By analyzing existing cross correlation between Daily Journal Corp and Lewis Clark Bancorp, you can compare the effects of market volatilities on Daily Journal and Lewis Clark and check how they will diversify away market risk if combined in the same portfolio for a given time horizon. You can also utilize pair trading strategies of matching a long position in Daily Journal with a short position of Lewis Clark. Check out your portfolio center. Please also check ongoing floating volatility patterns of Daily Journal and Lewis Clark.

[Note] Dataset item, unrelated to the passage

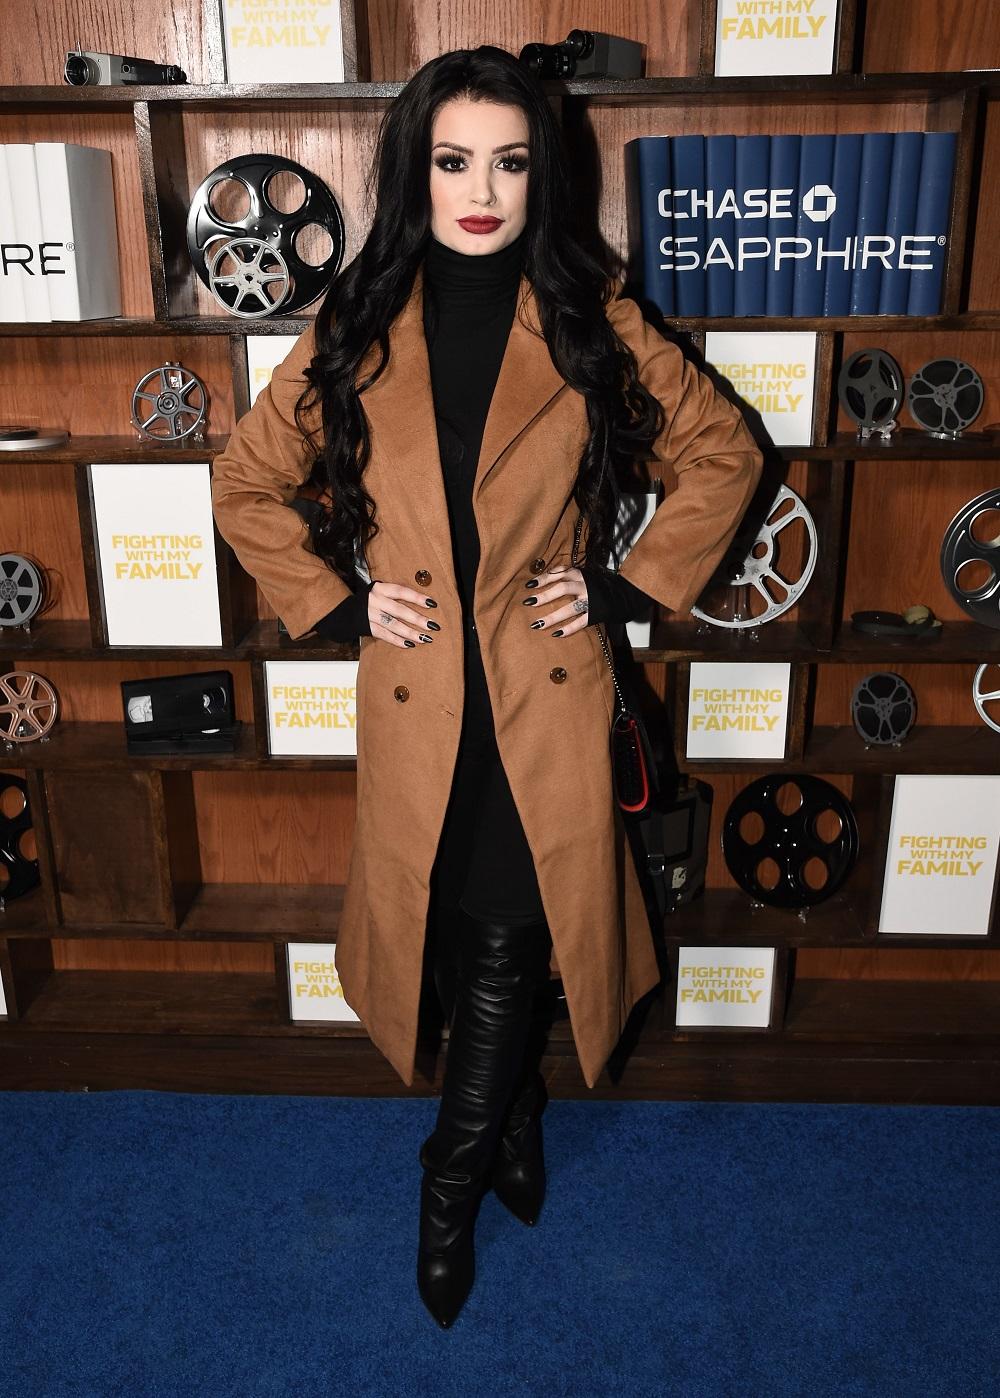 Actress Saraya-Jade Bevis

Diversification Opportunities for Daily Journal and Lewis Clark

0.88
  Correlation Coefficient

Very poor diversification

The 3 months correlation between Daily and Lewis is 0.88. Overlapping area represents the amount of risk that can be diversified away by holding Daily Journal Corp and Lewis Clark Bancorp in the same portfolio, assuming nothing else is changed. The correlation between historical prices or returns on Lewis Clark Bancorp and Daily Journal is a relative statistical measure of the degree to which these equity instruments tend to move together. The correlation coefficient measures the extent to which returns on Daily Journal Corp are associated (or correlated) with Lewis Clark. Values of the correlation coefficient range from -1 to +1, where. The correlation of zero (0) is possible when the price movement of Lewis Clark Bancorp has no effect on the direction of Daily Journal i.e., Daily Journal and Lewis Clark go up and down completely randomly.

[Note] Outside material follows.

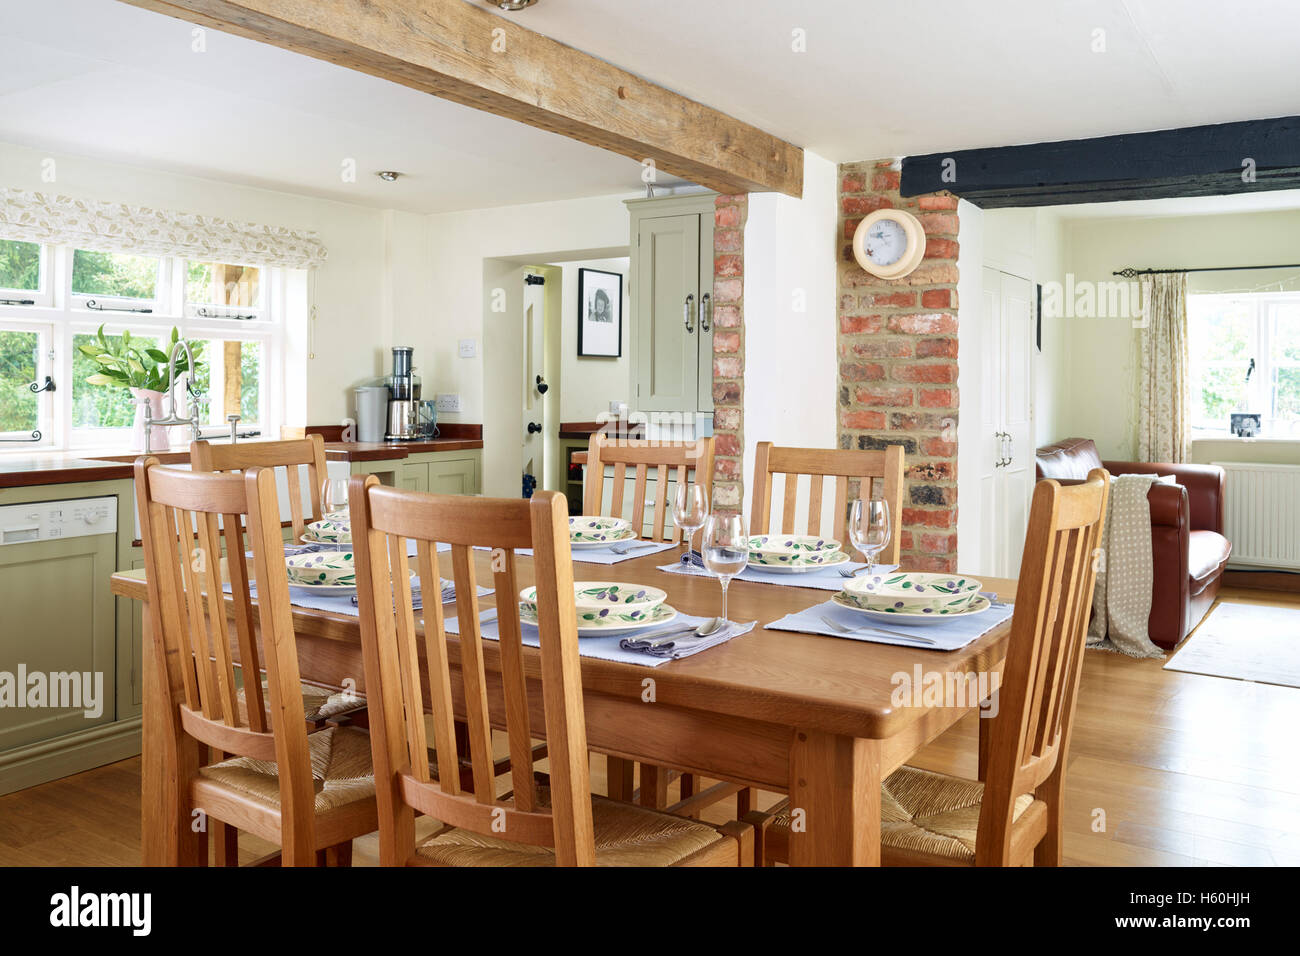 Eine Landhausküche gekleidet Essbereich mit Tisch für das Abendessen Stockbild

Pair Corralation between Daily Journal and Lewis Clark

Given the investment horizon of 90 days Daily Journal Corp is expected to generate 2.73 times more return on investment than Lewis Clark. However, Daily Journal is 2.73 times more volatile than Lewis Clark Bancorp. It trades about 0.11 of its potential returns per unit of risk. Lewis Clark Bancorp is currently generating about 0.29 per unit of risk. If you would invest  48,690  in Daily Journal Corp on September 14, 2024 and sell it today you would earn a total of  8,600  from holding Daily Journal Corp or generate 17.66% return on investment over 90 days.
Time Period3 Months [change]
DirectionMoves Together 
StrengthStrong
Accuracy100.0%
ValuesDaily Returns

Daily Journal Corp  vs.  Lewis Clark Bancorp

 Performance 
       Timeline  
Daily Journal Corp 

Risk-Adjusted Performance

8 of 100

 
Weak
 
Strong
OK
Compared to the overall equity markets, risk-adjusted returns on investments in Daily Journal Corp are ranked lower than 8 (%) of all global equities and portfolios over the last 90 days. In spite of very conflicting fundamental indicators, Daily Journal displayed solid returns over the last few months and may actually be approaching a breakup point.
Lewis Clark Bancorp 

Risk-Adjusted Performance

22 of 100

 
Weak
 
Strong
Solid
Compared to the overall equity markets, risk-adjusted returns on investments in Lewis Clark Bancorp are ranked lower than 22 (%) of all global equities and portfolios over the last 90 days. Despite quite unsteady fundamental indicators, Lewis Clark disclosed solid returns over the last few months and may actually be approaching a breakup point.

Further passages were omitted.